David Ralph

Personal information
- Born: 17 August 1972 (age 53) Glasgow, Scotland

Sport
- Sport: Field hockey
- Position: Forward

Senior career
- Years: Team / Caps / Goals
- 1994–: Kelburne / - / -
- –: Loughborough Students / - / -

National team
- Years: Team / Caps / Goals
- –: Scotland /  / -

= David Ralph =

Scottish field hockey player and coach

David Ralph (born 17 August 1972) is a former international hockey player who played as a forward for Scotland.

== Biography ==
Ralph earned his first Scotland cap in 1994.

Ralph played club hockey for Kelburne in the Scottish leagues and Loughborough Students' Hockey Club in the Men's England Hockey League.

Ralph was part of the Scotland Commonwealth Games team at the 2006 Commonwealth Games in Melbourne.

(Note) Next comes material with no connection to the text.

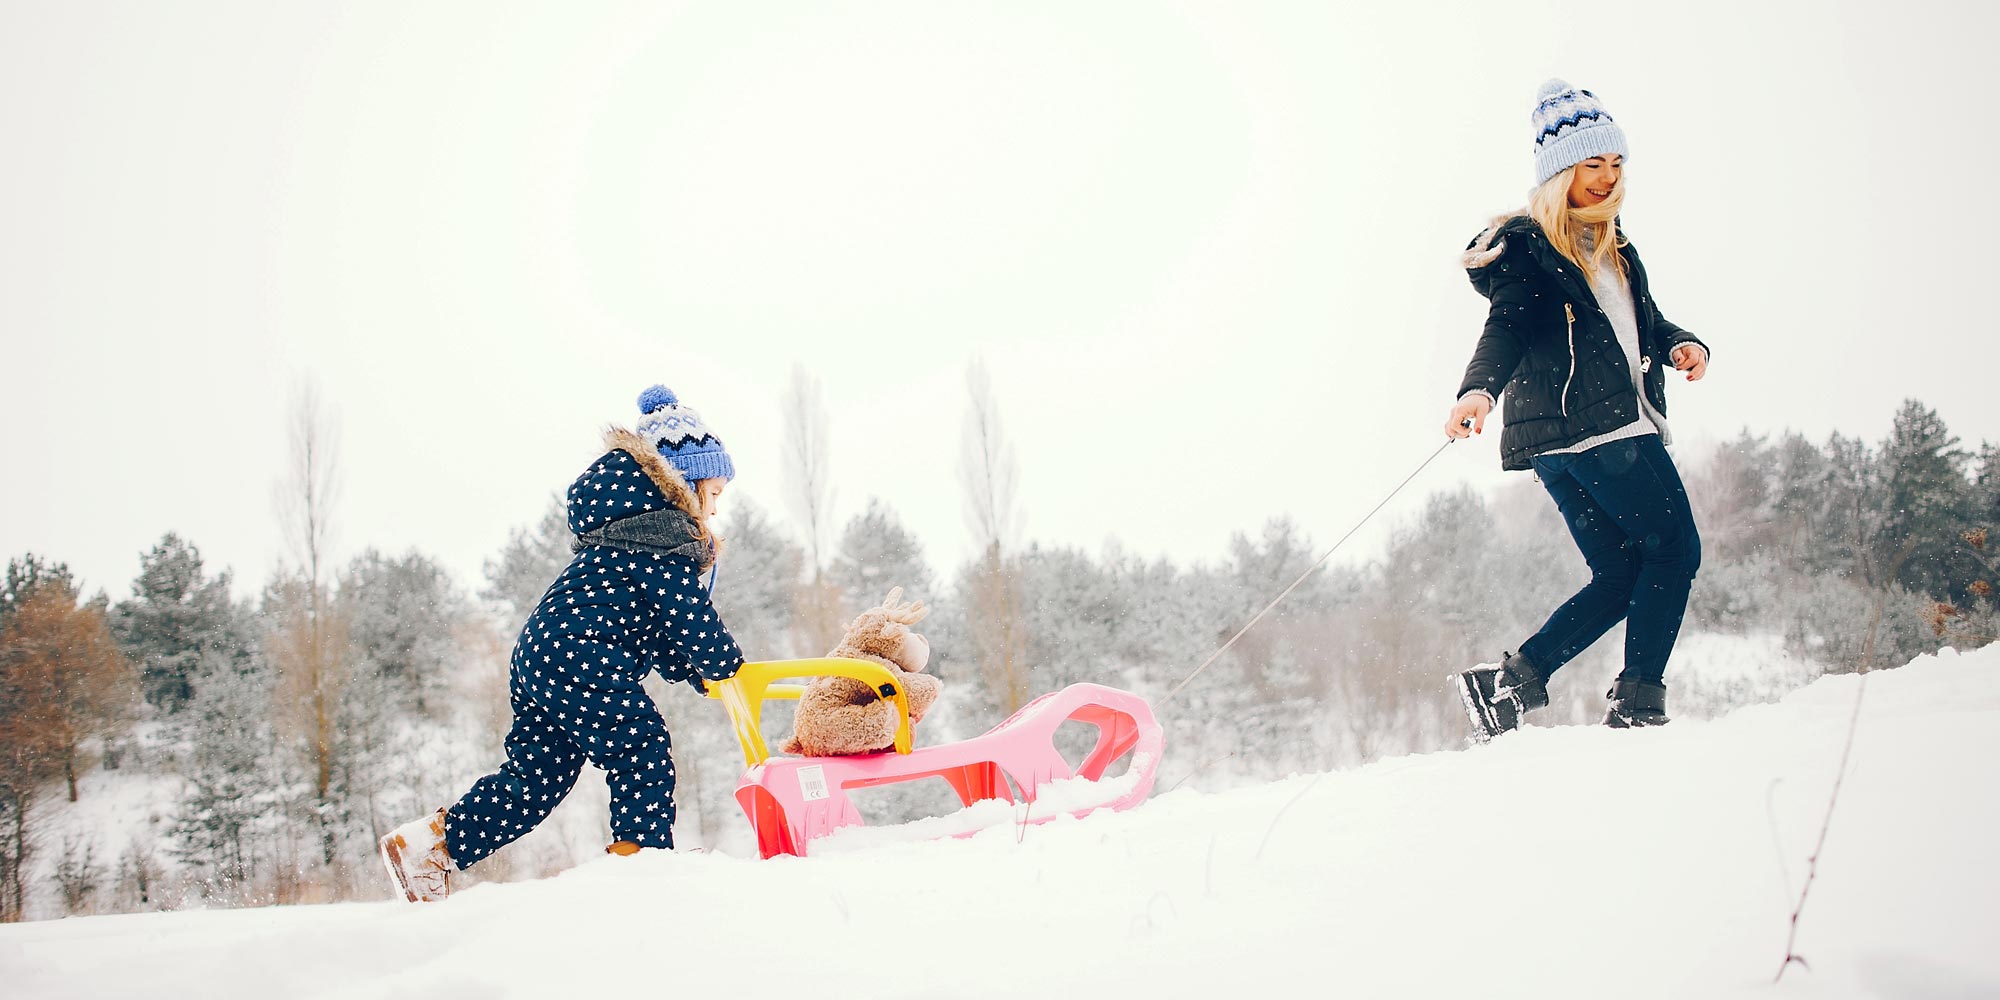 Спортивные игры на снегу с семьей: необходимое снаряжение для активных зимних развлечений

Ralph, an experienced international hockey coach was appointed Head Coach for the England and Great Britain women's hockey teams in September 2021.
He has previously been Assistant Head Coach for the England women's national field hockey team and Great Britain women's national field hockey team and the England men's national field hockey team and Great Britain men's national field hockey team.

His first coaching position was held at Brentwood Hockey Club, Essex before moving onto become head coach for Loughborough Students.

In 2013, he left Loughborough at the same time as fellow coach Jon Bleby as the pair took appointments with England Hockey as an assistant coaches. They were replaced by Jerome Goudie.